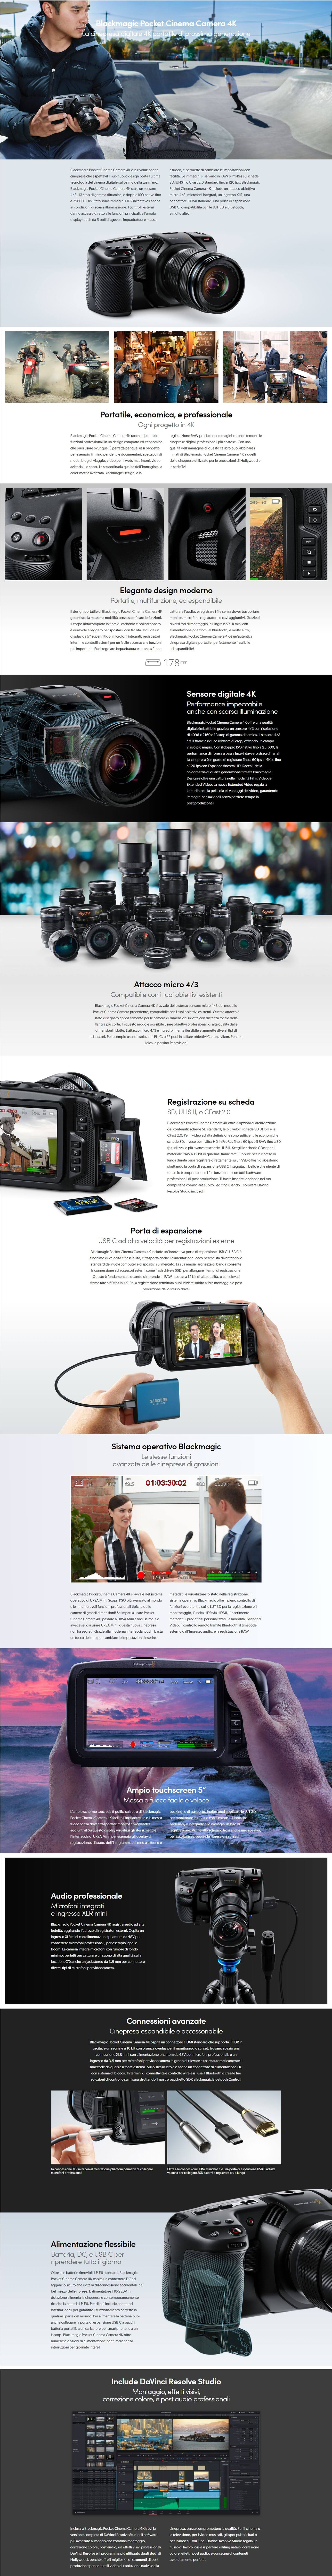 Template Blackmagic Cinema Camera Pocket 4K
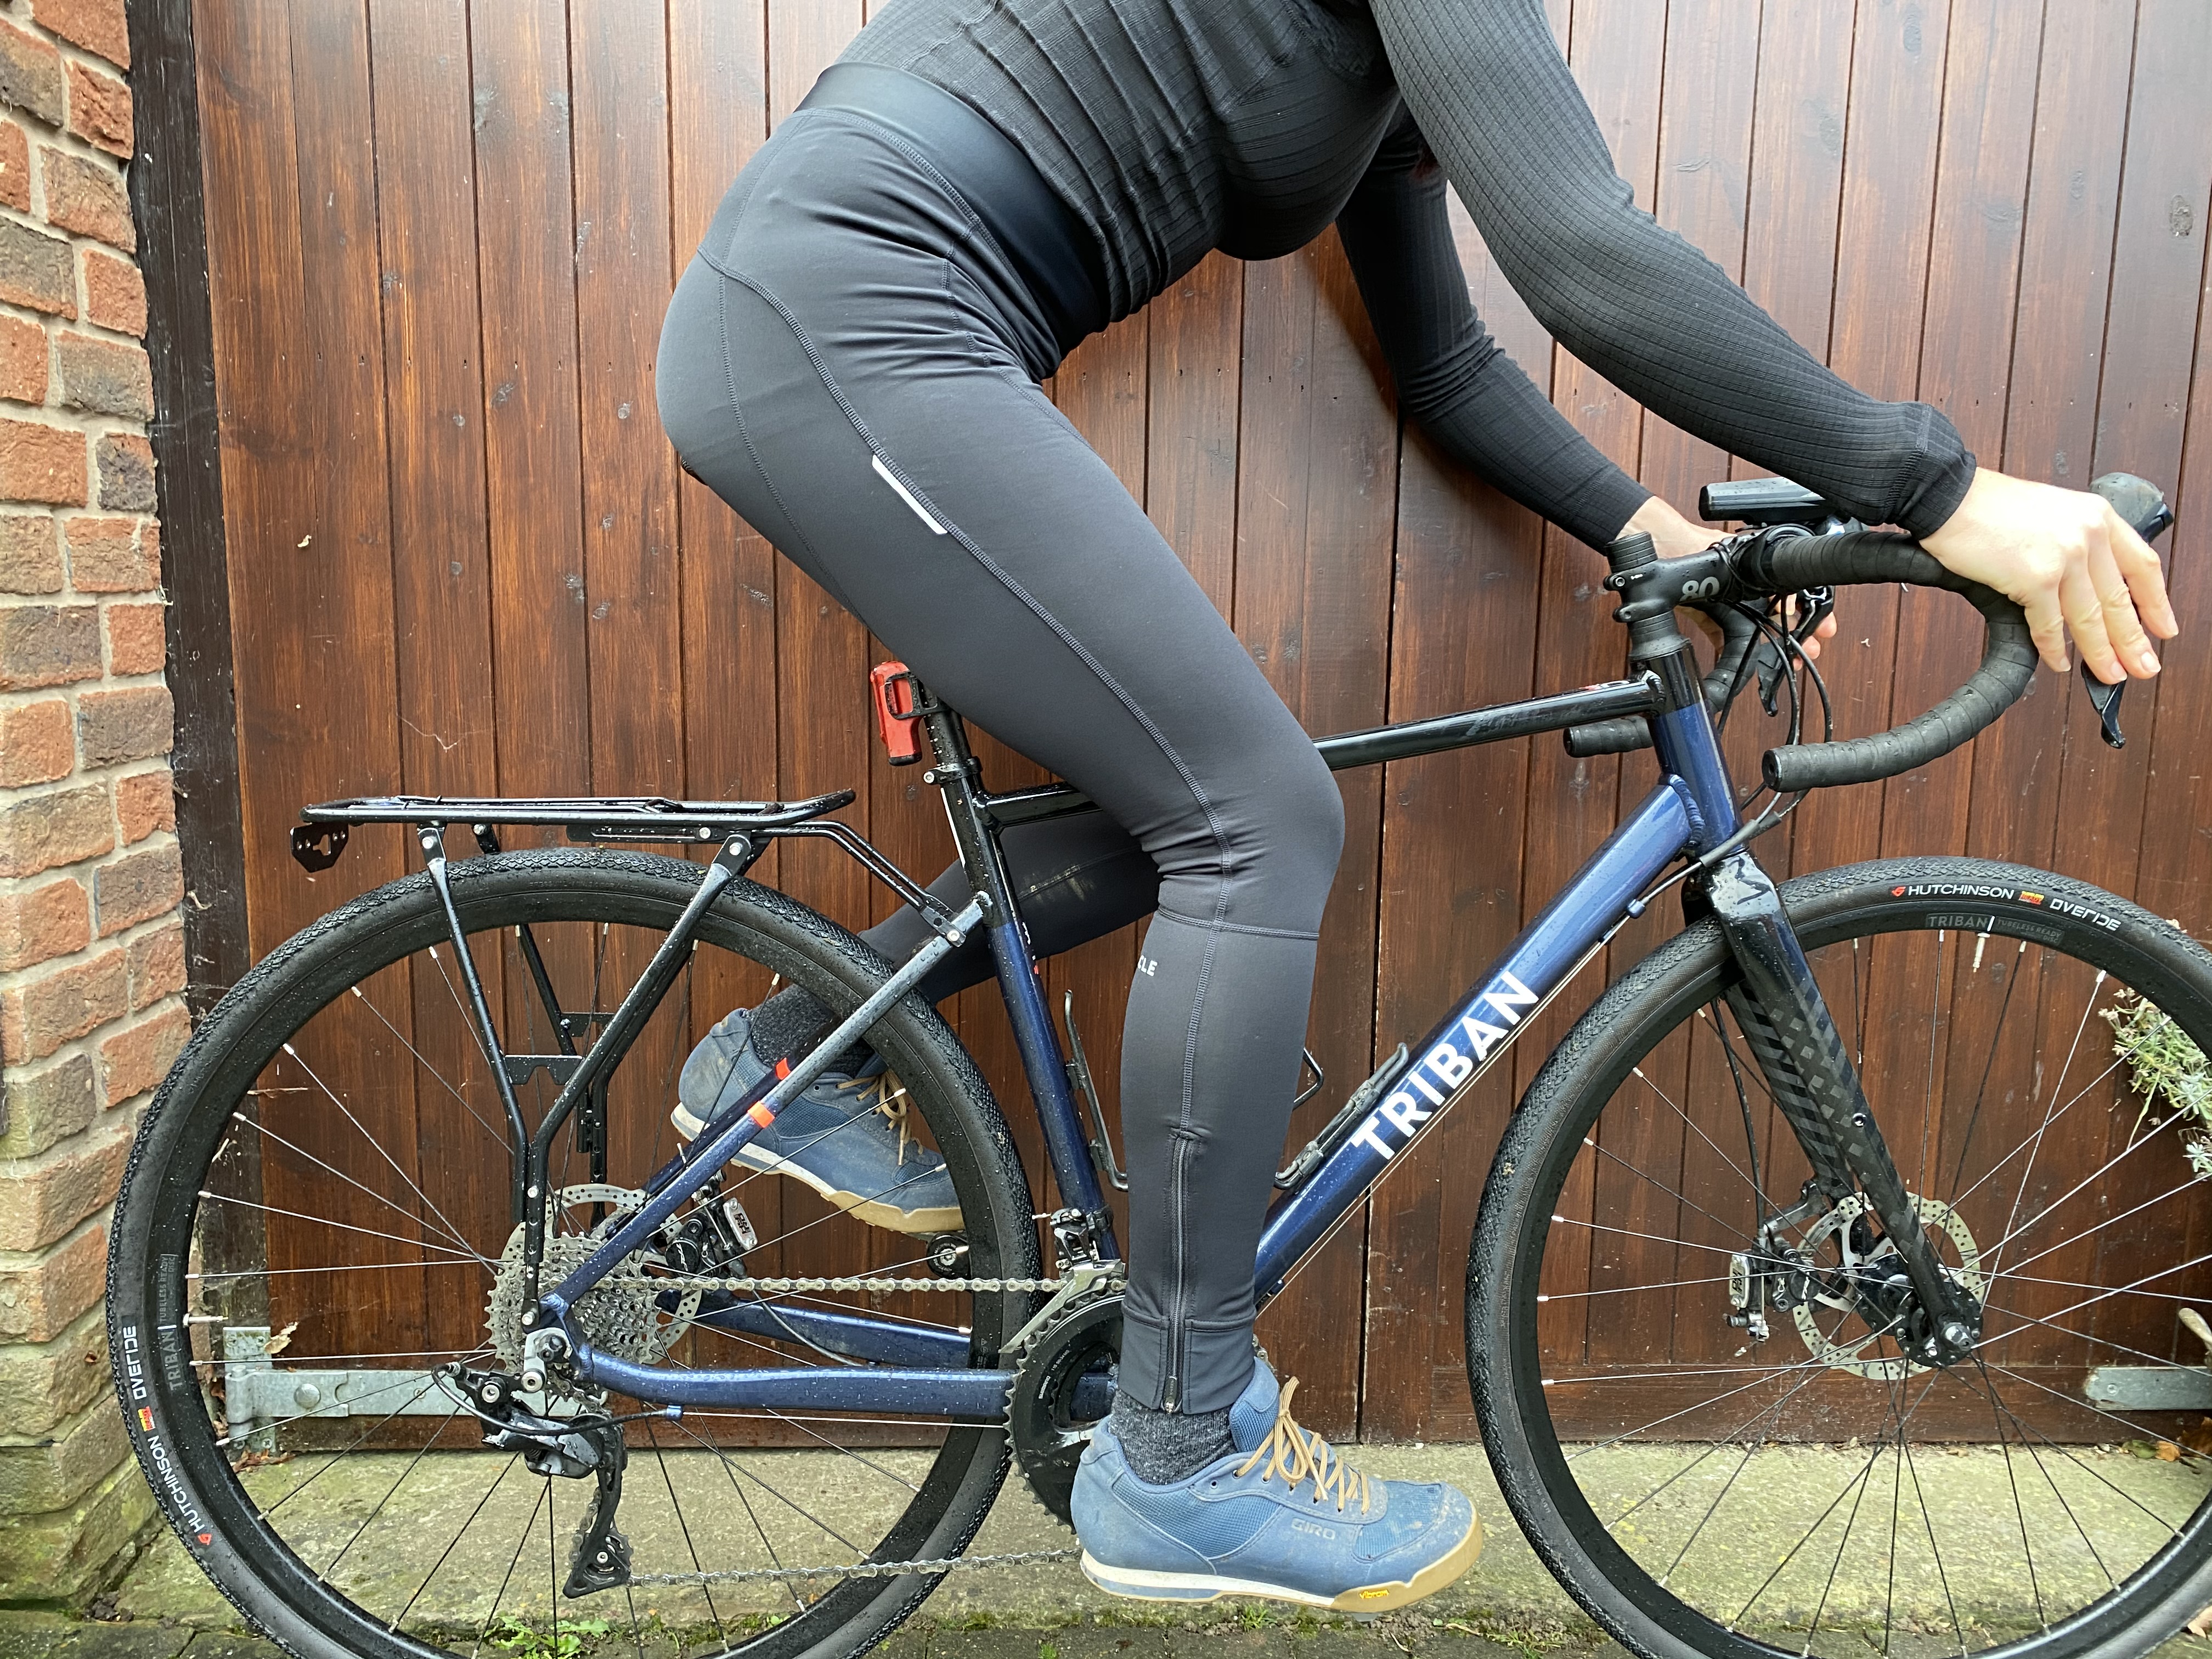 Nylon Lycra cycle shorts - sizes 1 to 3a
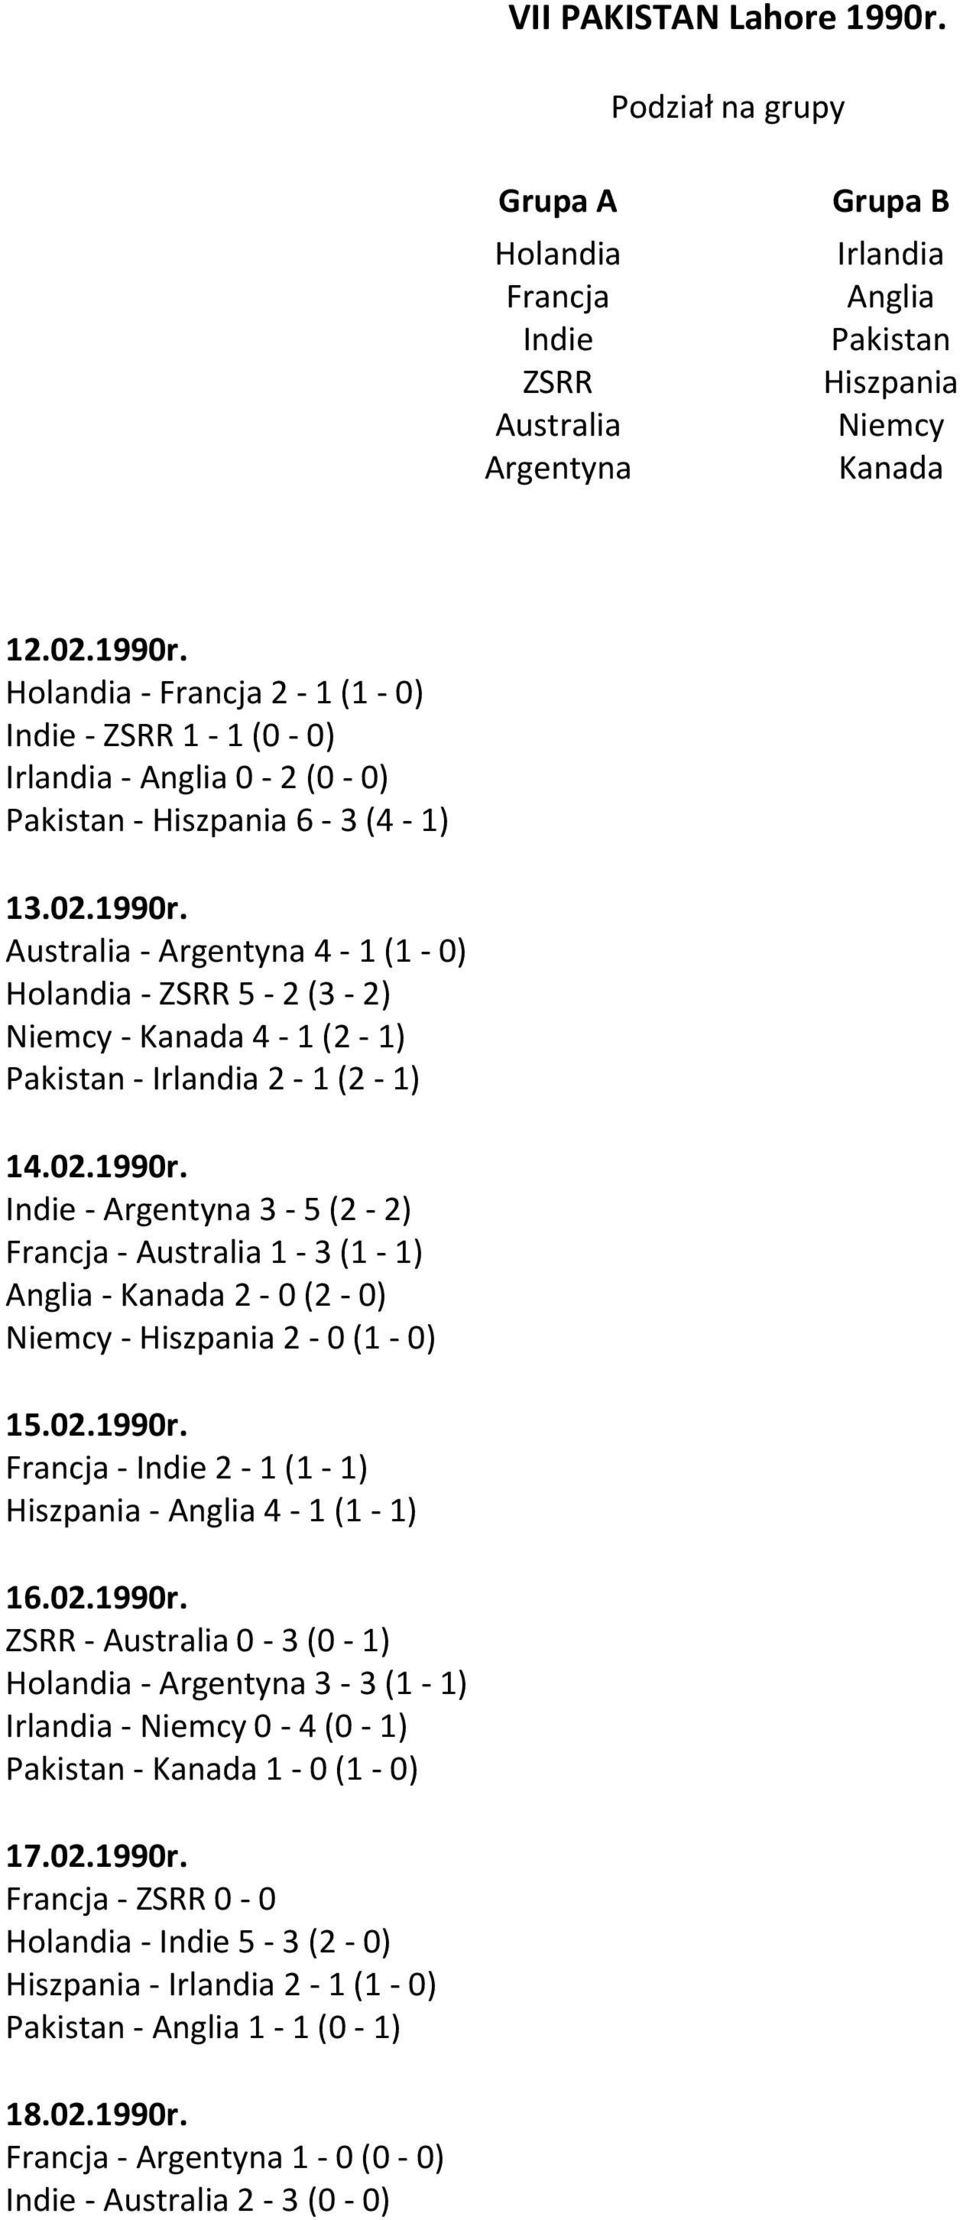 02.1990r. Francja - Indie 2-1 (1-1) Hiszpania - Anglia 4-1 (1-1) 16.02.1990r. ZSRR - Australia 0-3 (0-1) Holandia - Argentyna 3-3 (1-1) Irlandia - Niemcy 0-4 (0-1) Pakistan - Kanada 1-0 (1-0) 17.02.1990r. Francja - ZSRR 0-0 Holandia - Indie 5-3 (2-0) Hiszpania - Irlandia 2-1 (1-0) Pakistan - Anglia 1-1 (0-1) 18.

### About this exercise
Print the data again, word for word, without any pictures.

### Output for this task
 Template Blackmagic Cinema Camera Pocket 4K
 Nylon Lycra cycle shorts - sizes 1 to 3a
 02.1990r. Francja - Indie 2-1 (1-1) Hiszpania - Anglia 4-1 (1-1) 16.02.1990r. ZSRR - Australia 0-3 (0-1) Holandia - Argentyna 3-3 (1-1) Irlandia - Niemcy 0-4 (0-1) Pakistan - Kanada 1-0 (1-0) 17.02.1990r. Francja - ZSRR 0-0 Holandia - Indie 5-3 (2-0) Hiszpania - Irlandia 2-1 (1-0) Pakistan - Anglia 1-1 (0-1) 18.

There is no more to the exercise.